After years of effort and alternative financing methods, Circle Foods — the city’s first African American-owned grocery store — reopened on Friday to fanfare in the neighborhood it has called home since 1939. Residents were excited for the return of a community anchor, but Circle’s resurgence is also an example of how smart policy, public cooperation and private investment can breathe new life into cities.

An $8 million renovation of the 22,000-square-foot building was financed through a combination of federal and state historic tax credits, $2.2 million in New Market Tax Credits, $100,000 from the city’s Economic Development Fund, and $1 million from the local Fresh Food Retailer Initiative fund.

It couldn’t have happened without any of the various streams of private and public investment, but it’s the latter that stands out as the kind of policy from which other cities could benefit. The Fresh Food Retailer Initiative, established in 2011 to promote better access to grocers in low-income New Orleans communities, gives forgivable and low-interest loans to food retailers.

For Circle, that came out to the tune of $1 million, half of which is forgivable. Moreover, HOPE, the non-profit community development corporation in charge of the initiative, intends to open a branch inside Circle Foods that will offer banking services. More than 35 million Americans rely on expensive alternatives to banks. In the Seventh Ward, HOPE will offer everything from checking to banking to mortgage and business loans.

The return of Circle Foods is an obvious victory for New Orleanians, but the banking is also a notable development.

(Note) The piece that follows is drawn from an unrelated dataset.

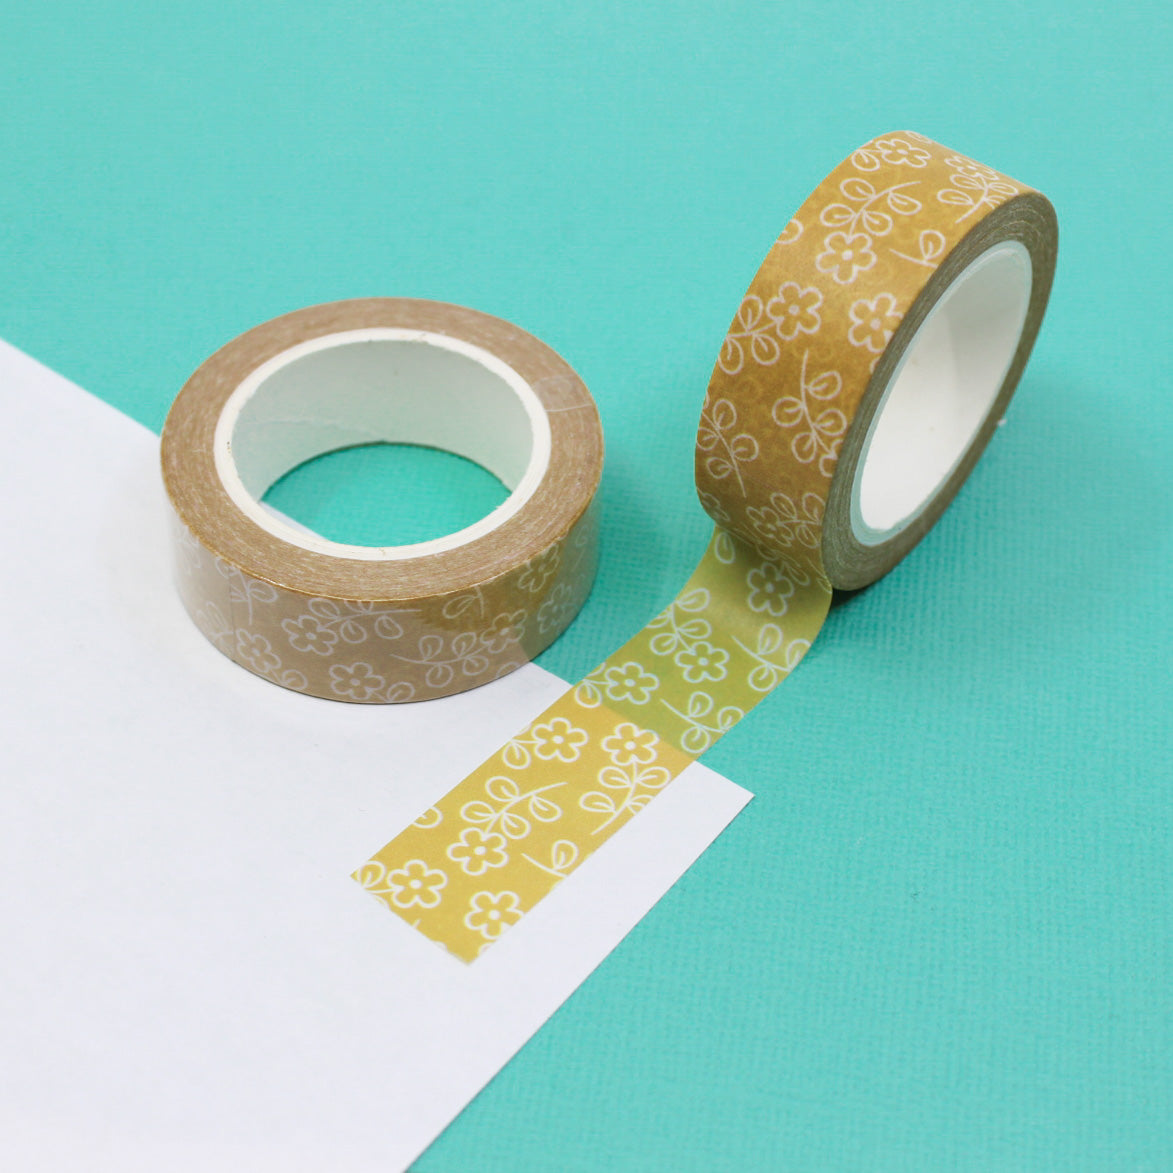 This vibrant washi tape features a pattern of yellow daisy flowers, perfect for adding a cheerful touch to your crafts and projects. This tape is sold at BBB Supplies Craft Shop.

As reports, big banks have reservations about moving into the Seventh Ward, while predatory lenders have taken advantage of the lack of proper banking services in the area. HOPE’s location at Circle Foods, a store with deep roots and trust in the community, could bring stable banking to many people of the Seventh Ward.

In 2011, staring down the challenges to get Circle back on its feet, owner Dwayne Boudreaux told our own Ariella Cohen, then at The Lens, “The only thing we didn’t do before was caskets. We’re going to be that one-stop shop again, but only better.”

There aren’t any caskets at the renovated Circle Foods (yet), but it’s back on its way to becoming the shop that anchored a neighborhood for decades.

The Equity Factor is made possible with the support of the Surdna Foundation.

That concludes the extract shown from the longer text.